━━━━━ DATASET SECTION

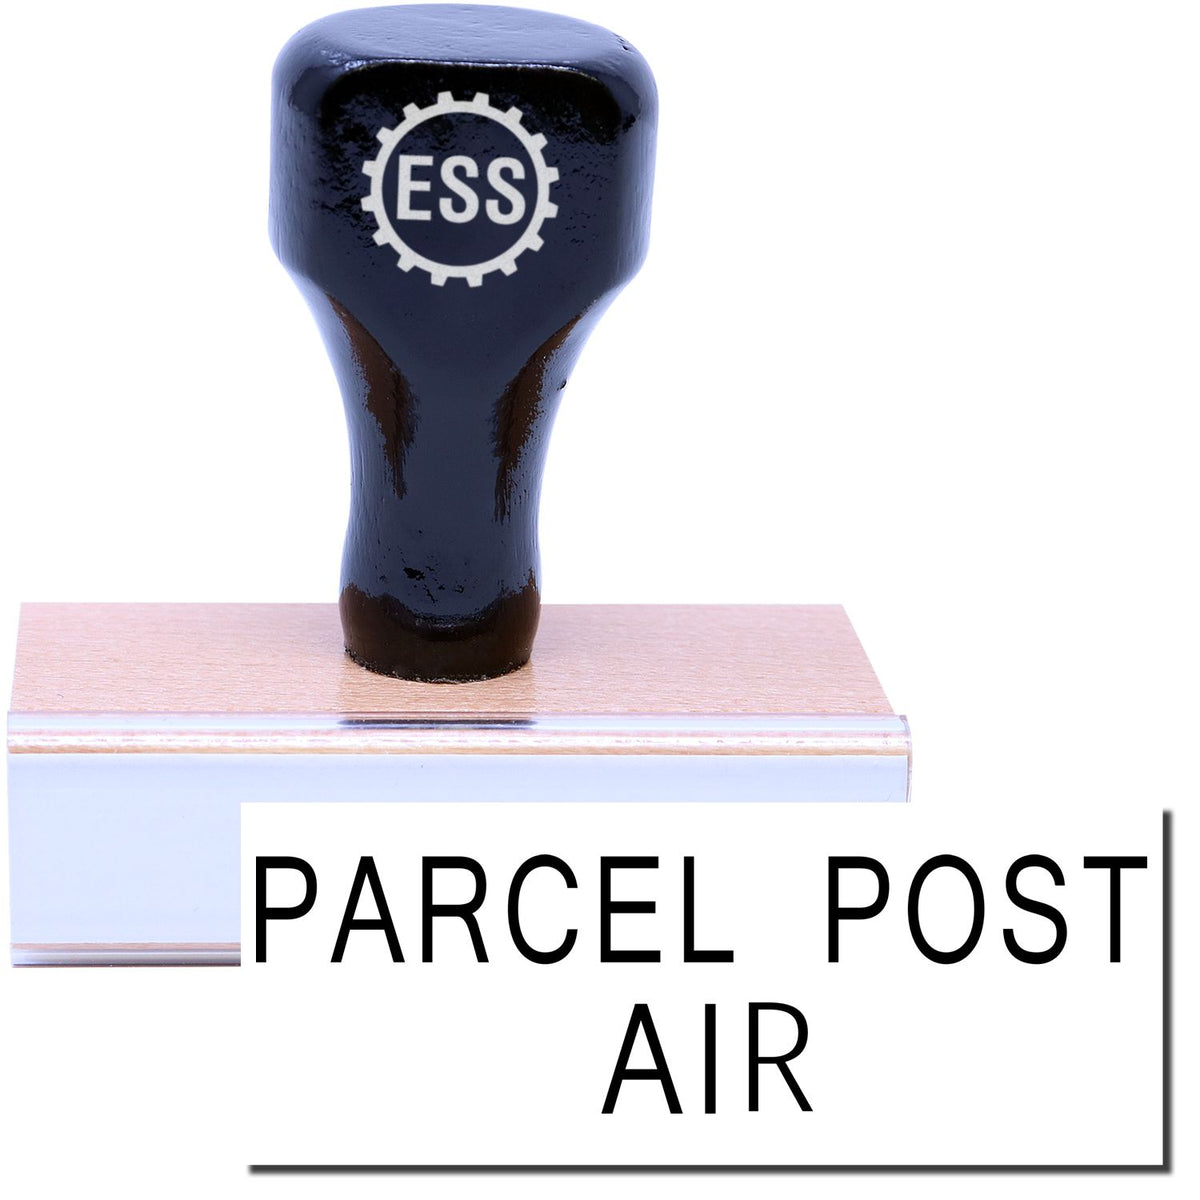 A stock office rubber stamp with a stamped image showing how the text &quot;PARCEL POST AIR&quot; in a large font is displayed after stamping.
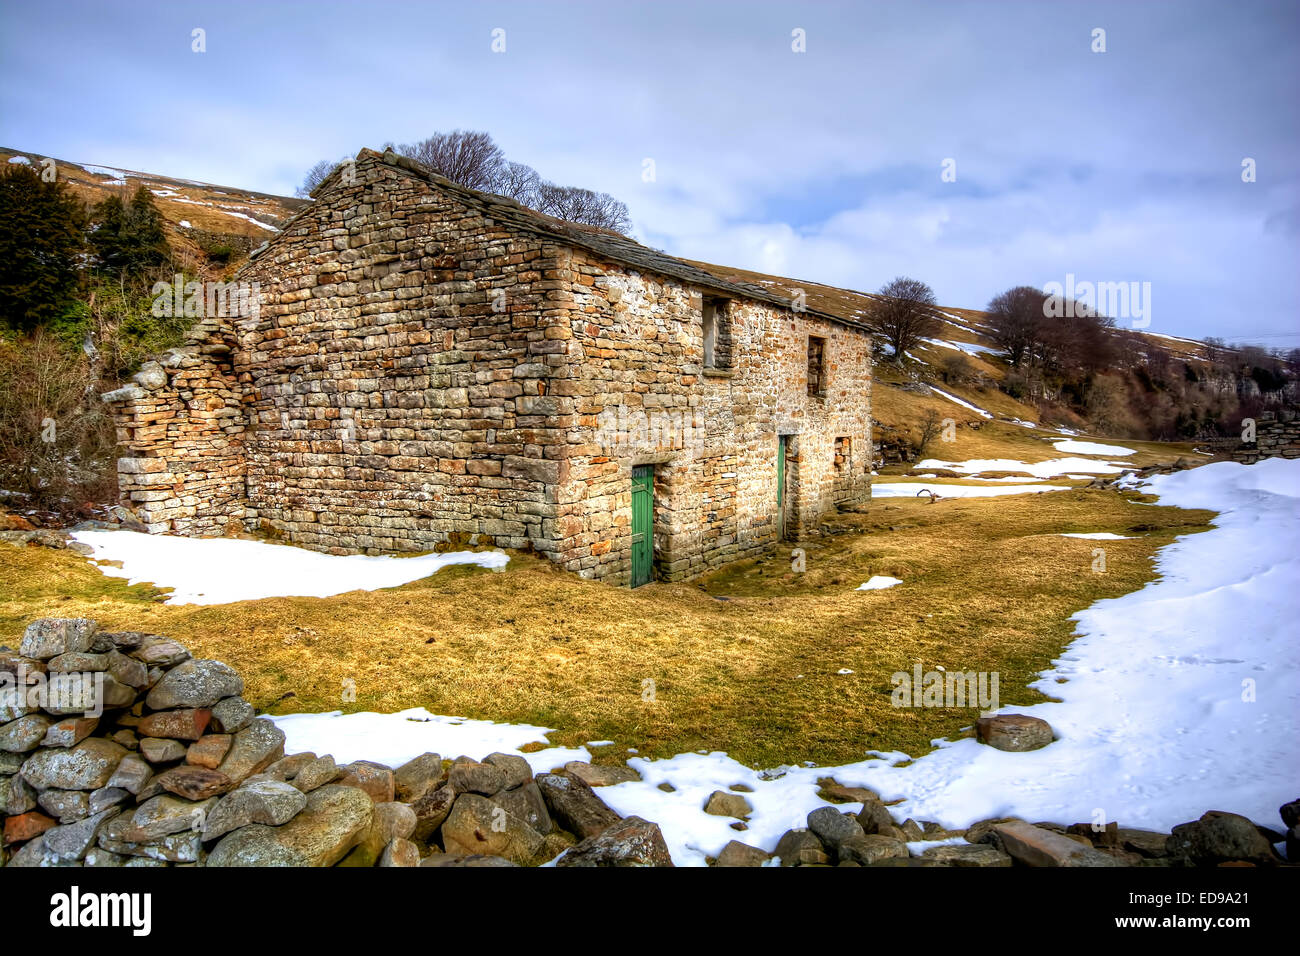 An all to familiar scene in Swaledale is the barns scattered across the landscape. This one can be found 2 miles from Keld in th Stock Photo
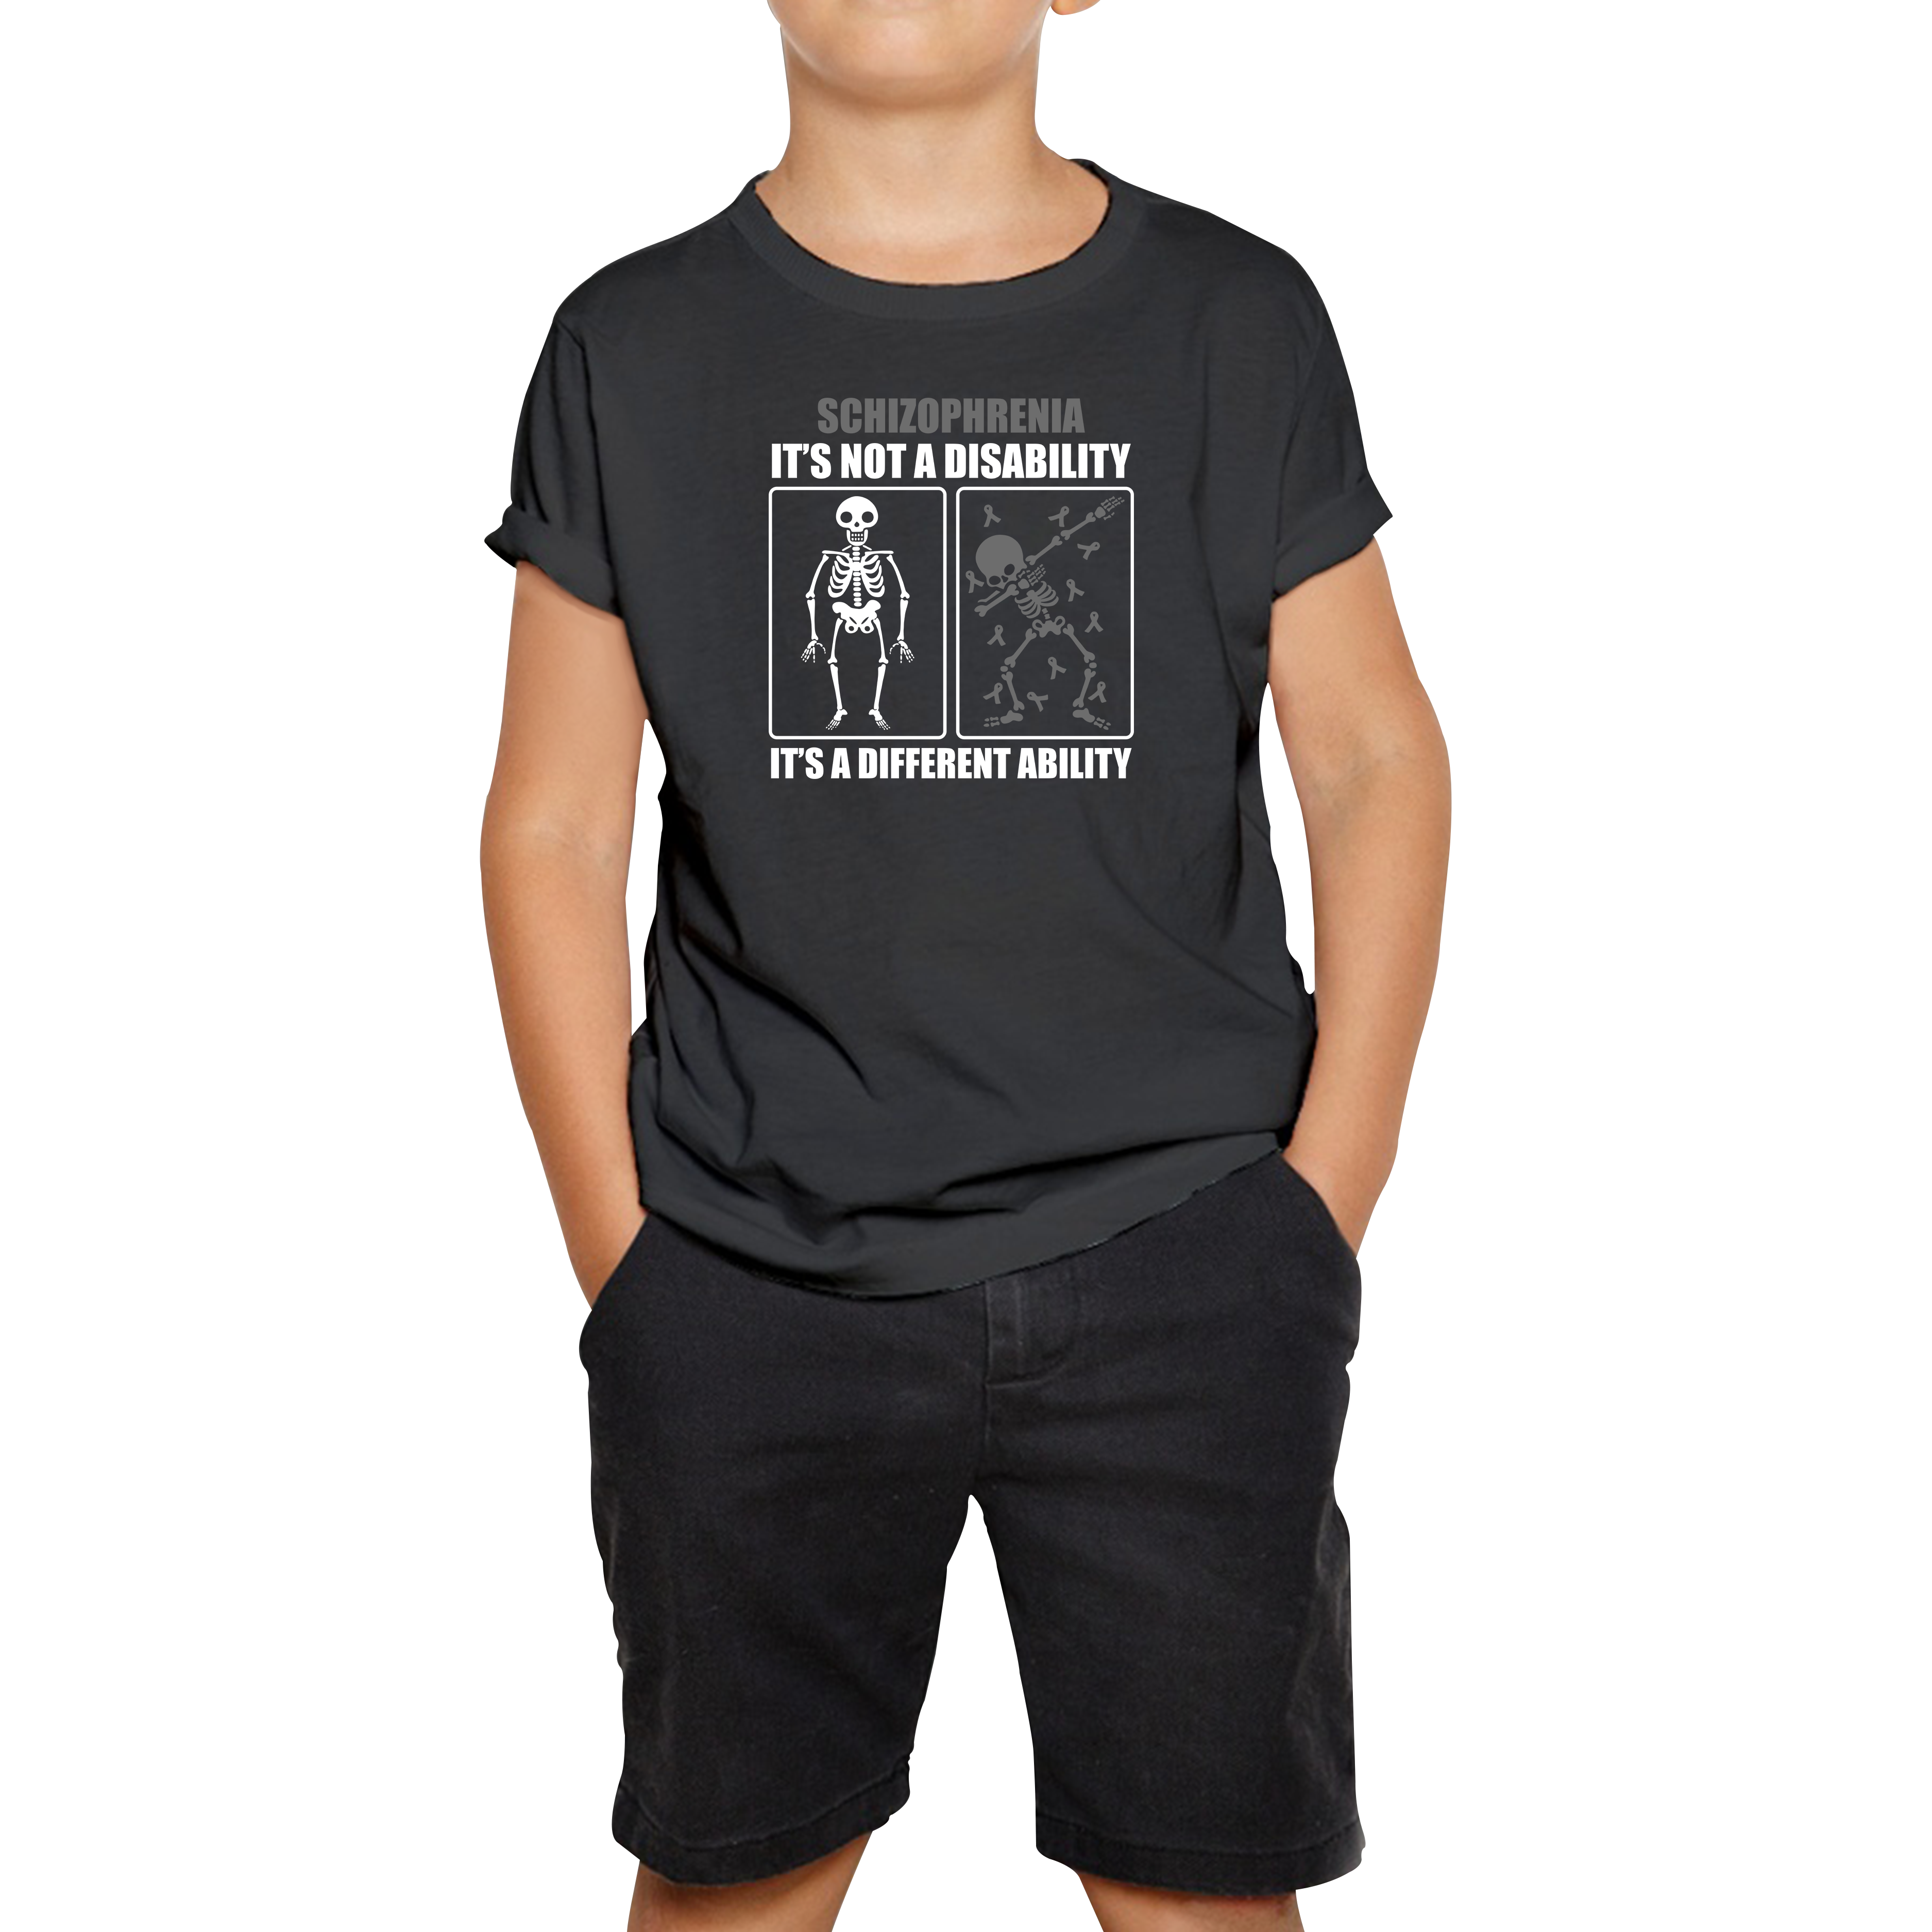 Schizophrenia It's Not A Disability It's A Different Ability Skull Dab Dancing Funny Joke Kids T Shirt

━━━━━━━━━━

- EXERCISE BRIEF
What you give back must match the material above exactly, minus its pictures.

- OUTPUT OF THE EXERCISE
 A stock office rubber stamp with a stamped image showing how the text &quot;PARCEL POST AIR&quot; in a large font is displayed after stamping.
 An all to familiar scene in Swaledale is the barns scattered across the landscape. This one can be found 2 miles from Keld in th Stock Photo
 Schizophrenia It's Not A Disability It's A Different Ability Skull Dab Dancing Funny Joke Kids T Shirt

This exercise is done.